=== SUPPLIED MATERIAL ===
□ □ □ □ □ □ □

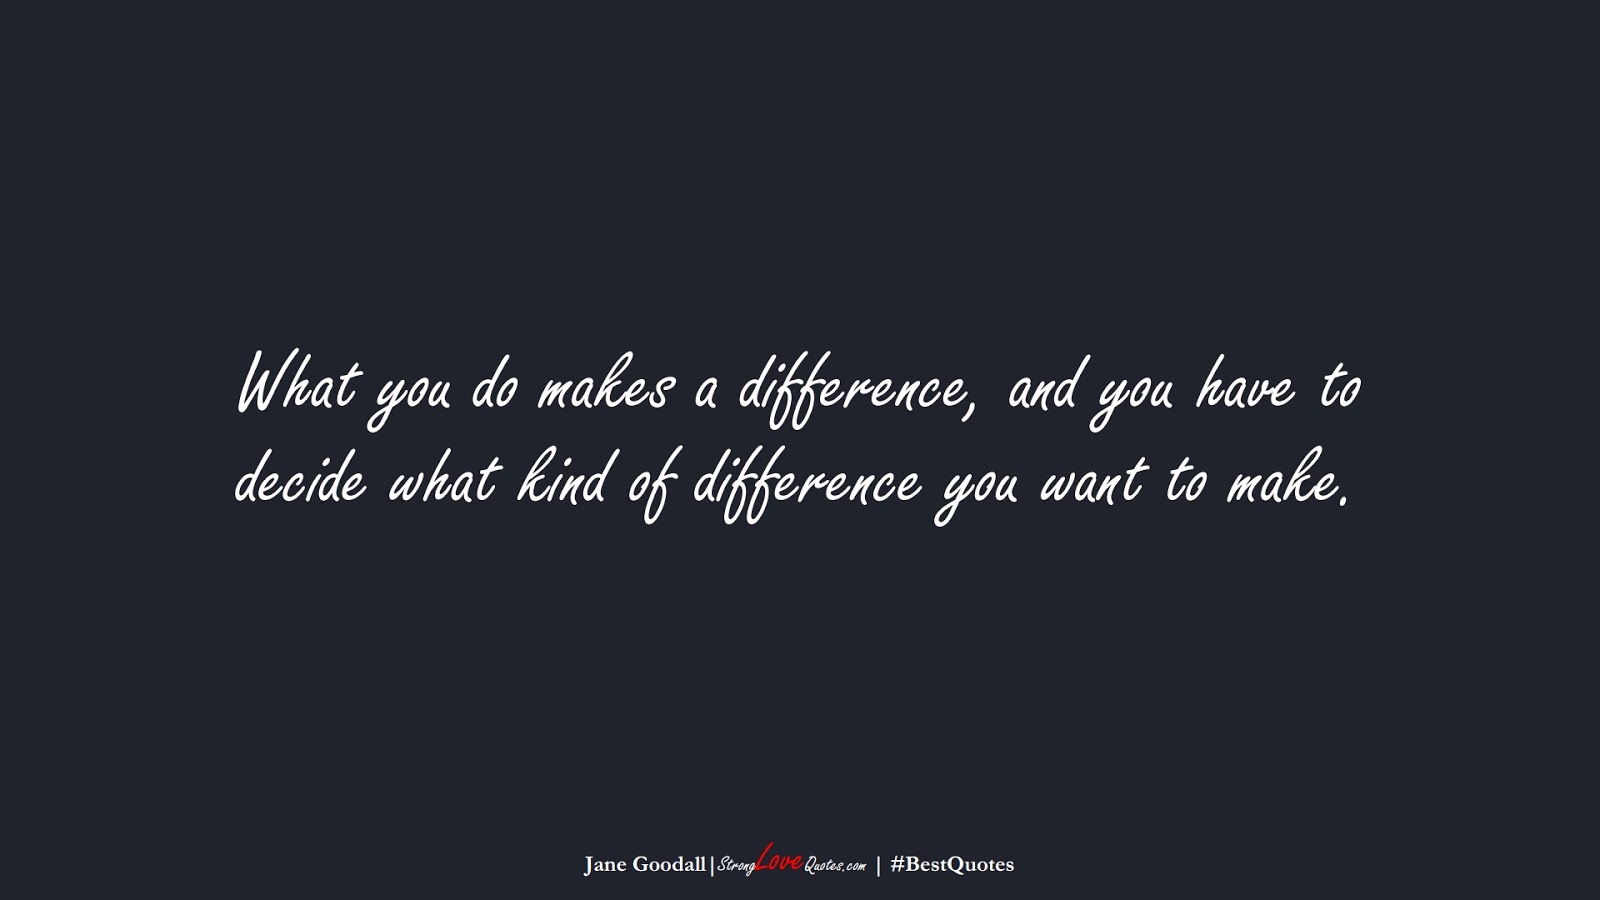 What you do makes a difference, and you have to decide what kind of difference you want to make. (Jane Goodall);  #BestQuotes
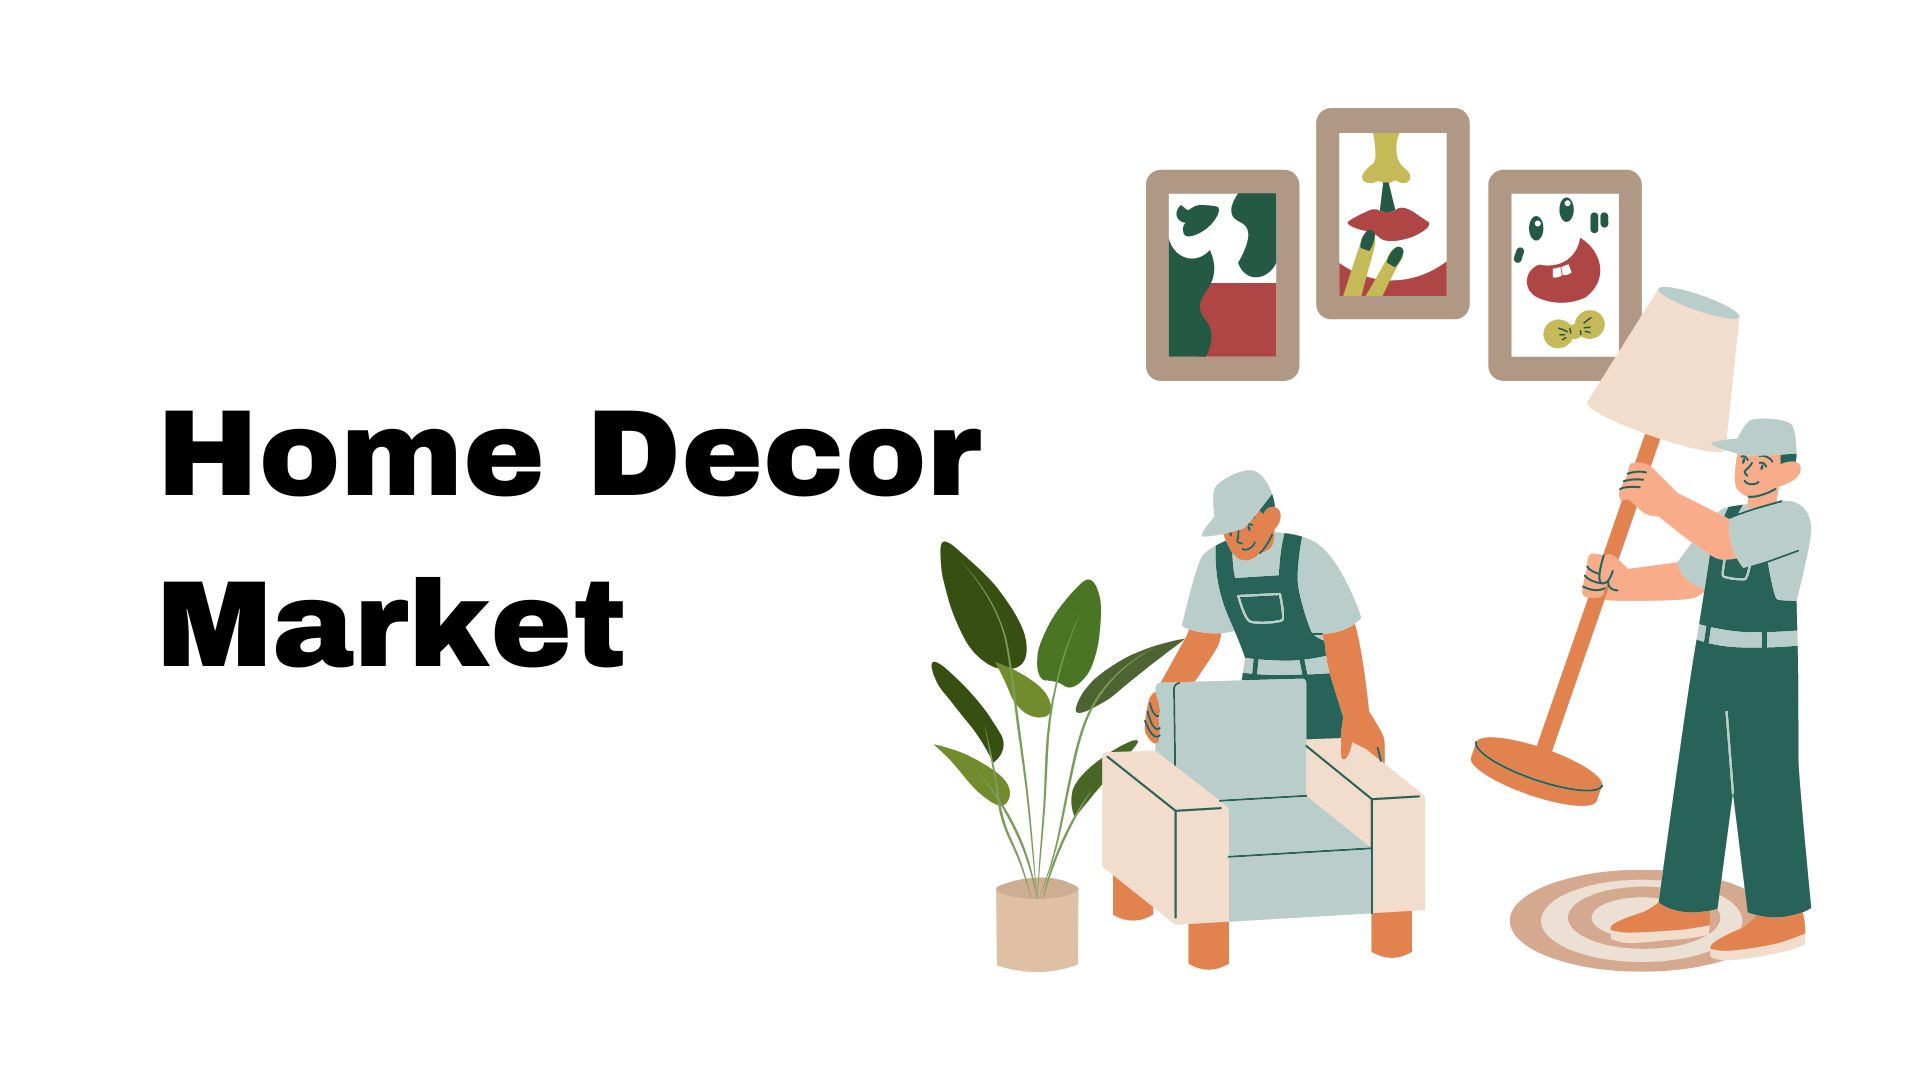 Home Decor Market To Hit USD 949 Bn, Globally, by 2032 at 3.6% CAGR | According To Market.us
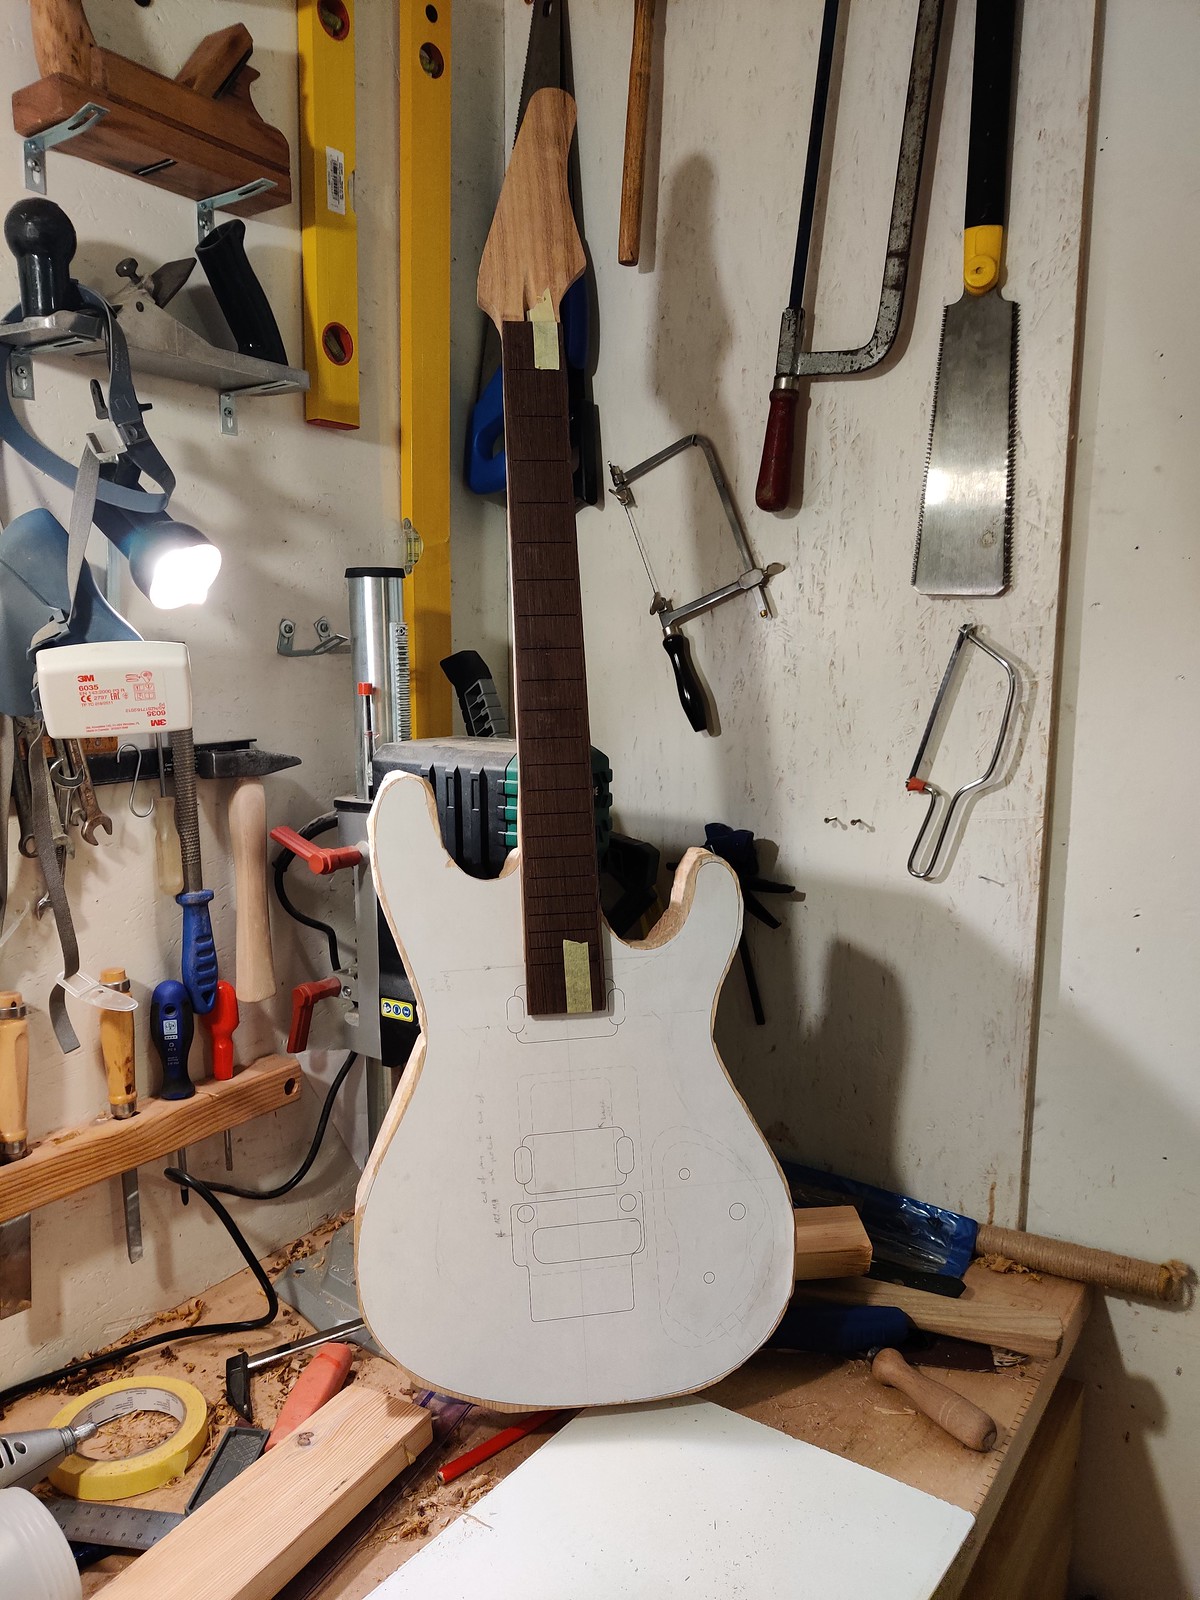 Entire guitar project assembled temporarily

□ □ □ □ □ □ □

=== WHAT TO WORK ON ===
Exact copy, pictures removed: set down the whole listing above.

=== WRITTEN ANSWER ===
 What you do makes a difference, and you have to decide what kind of difference you want to make. (Jane Goodall);  #BestQuotes
 Home Decor Market To Hit USD 949 Bn, Globally, by 2032 at 3.6% CAGR | According To Market.us
 Entire guitar project assembled temporarily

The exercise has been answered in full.